Cuando estaba preparando mi Trabajo Final de Máster, aprendí de mi tutor (profesor y doctor en Informática) algo que no olvidaré nunca: la ciencia busca lo bello, lo verdadero y lo bueno del mundo y para el mundo. Y, desde entonces, estoy convencida que de que nada es necesario ni aporta nada si no cumple estas tres premisas: belleza, verdad y bondad. Y esto no vale solo para la ciencia.
En mi opinión, cada uno de los componentes de este “trío” son ingredientes que, uno a uno, conforman la perfección o, al menos, algo muy próximo a ella. Cada uno por separado es la pata que, si se la quitas a un taburete, deja de ser útil. Juntos es como si hicieran la jugada perfecta, como si cerraran el círculo.
¿Qué es la belleza si carece de verdad y bondad? Puro artificio, vacío, estética sin fondo ni contenido. ¿Y qué es la verdad sin belleza ni bondad? Un golpe en el estómago; un tortazo innecesario, que no ha sido pedido por nadie, y que no arregla nada. ¿Y qué es la bondad sin belleza ni verdad?

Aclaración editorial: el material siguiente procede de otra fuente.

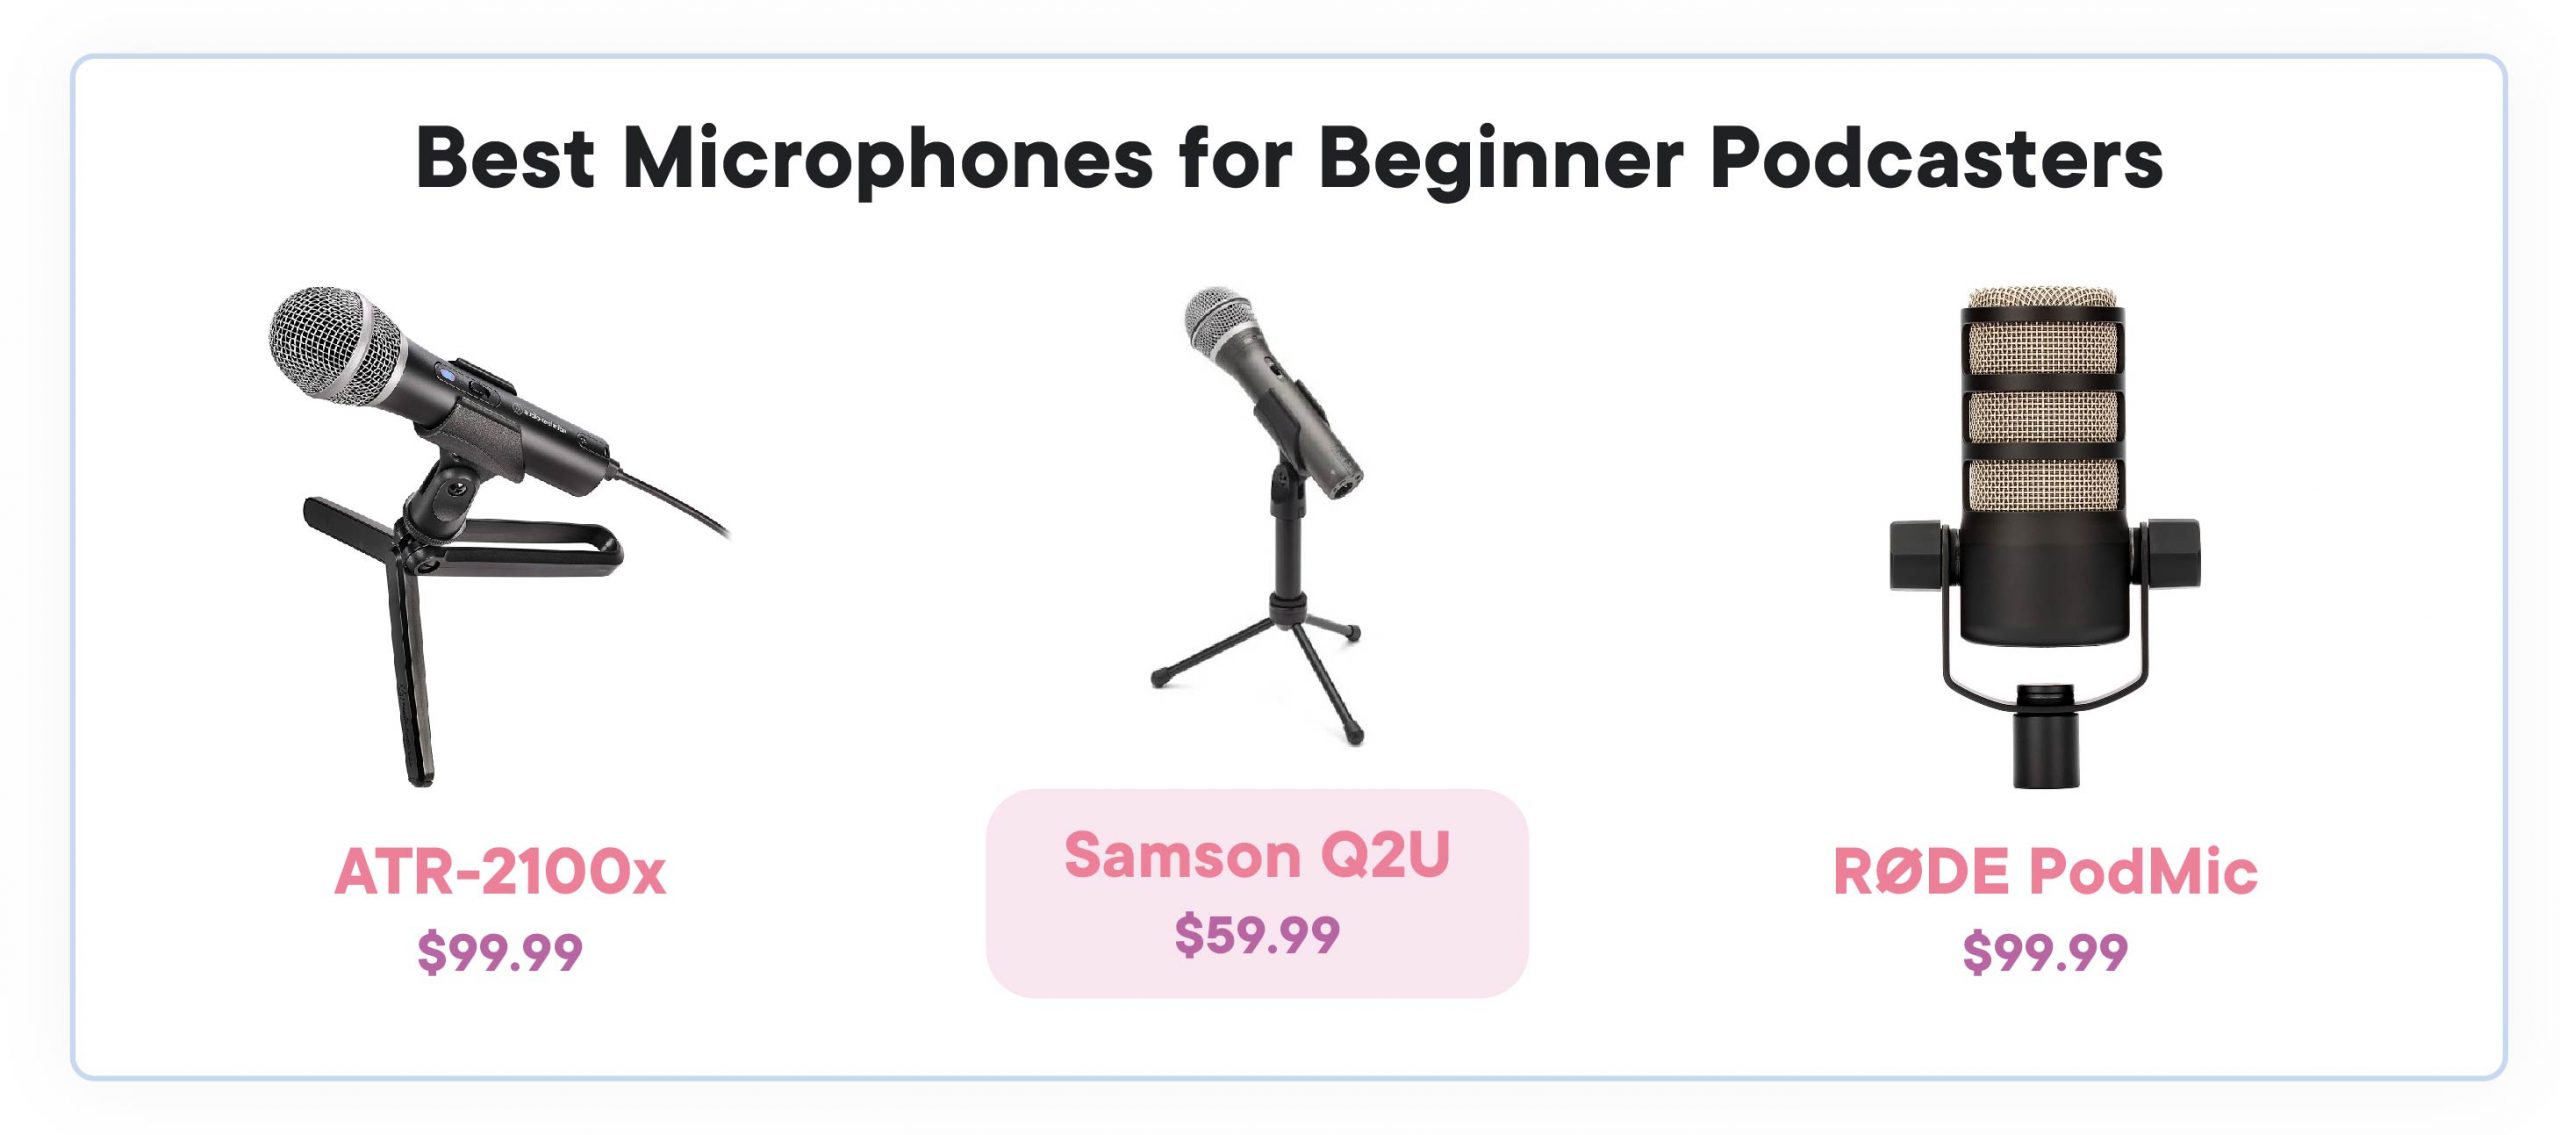 best microphones for podcasters. To the left, the ATR 2100X, in the centre, the Samson Q2U, and to the right, the RODE Podmic.

Nada, simple palabrería; ese buenismo que tanto vende hoy pero que suena a cumplimiento, a quedar bien, a hueco.
Pero si encontramos presenteS las tres virtudes juntas, se puede pensar que se ha encontrado una especie de milagro. Quizás, algo mejor que un milagro: hemos encontrado aquello para lo que todos (nosotros, la naturaleza, el mundo en general) estamos llamados a alcanzar:
- la belleza como armonía, equilibrio, delicadeza, hermosura… Esa que cuando contemplamos nos sobrecoge y nos emociona. La que te hace soltar un suspiro que viene de lo profundo de puro agradecimiento, pura paz interior;
- la verdad como autenticidad, pureza, trasparencia. Como eso que te construye y construye. La lente que te ayuda a ver las cosas como son, que te libra de la falsedad, que te permite dar los pasos acertados en la vida;
- y la bondad como generosidad; virtud que tiende a la mejora del ser humano, de toda la humanidad, de todo lo que nos rodea. Es lo que tiene que mover toda voluntad para que cada acción sume y edifique. Y, dicen, que es lo que llevamos todos dentro cuando nacemos, antes de que el mundo nos asalte.
Así, cuando pienso en los grandes descubrimientos que ha hecho la ciencia, aquellas cuestiones que han sido objeto de su estudio, no puedo dejar de ver estos “tres imprescindibles” en todo: el interior del átomo, el funcionamiento del cuerpo humano, el movimiento de los astros y los planetas, el ciclo del agua, la ecuación de Schrödinger, la mecánica de fluidos…
Y Dios, por supuesto, Dios. Me cuesta mucho pensar en Él sin que contenga estas tres virtudes: Dios no puede ser feo (no me refiero a lo físico o simplemente estético); Dios no puede ser mentira; Dios no puede ser maldad. Si Dios es perfecto, por fuerza debe contener belleza, verdad y bondad. Y si no contiene una de estas, no es perfecto; y si no es perfecto, no puede ser Dios (ya de la existencia o no de Dios hablamos otro día).
Una curiosidad que puede ocurrir es que, en aquello en lo que nadie repara o no quiere mirar por el horror que despierta, se puede encontrar belleza, verdad y bondad. Si no, fíjate en la cruz y en el crucificado. Motivo de espanto, como he leído en algún sitio acerca de esa imagen. Y, sin embargo, ahí está todo lo bello, lo verdadero y lo bueno. Todo lo que merece la pena saber, aprender y vivir. Porque ahí lo que hay es amor del bueno.
Así que, como creyente y como profesora (y amante) de la ciencia, he aprendido que hay que estar pendiente de lo pequeño, de lo que puede pasar desapercibido, de lo que “siempre ha estado ahí” o “siempre ha sido así” (expresión que usamos mucho cuando no tenemos una explicación que dar), porque ahí pueden residir la belleza, la verdad y la bondad, y, en consecuencia, puede residir Dios. ¡Qué pena si nos lo perdemos!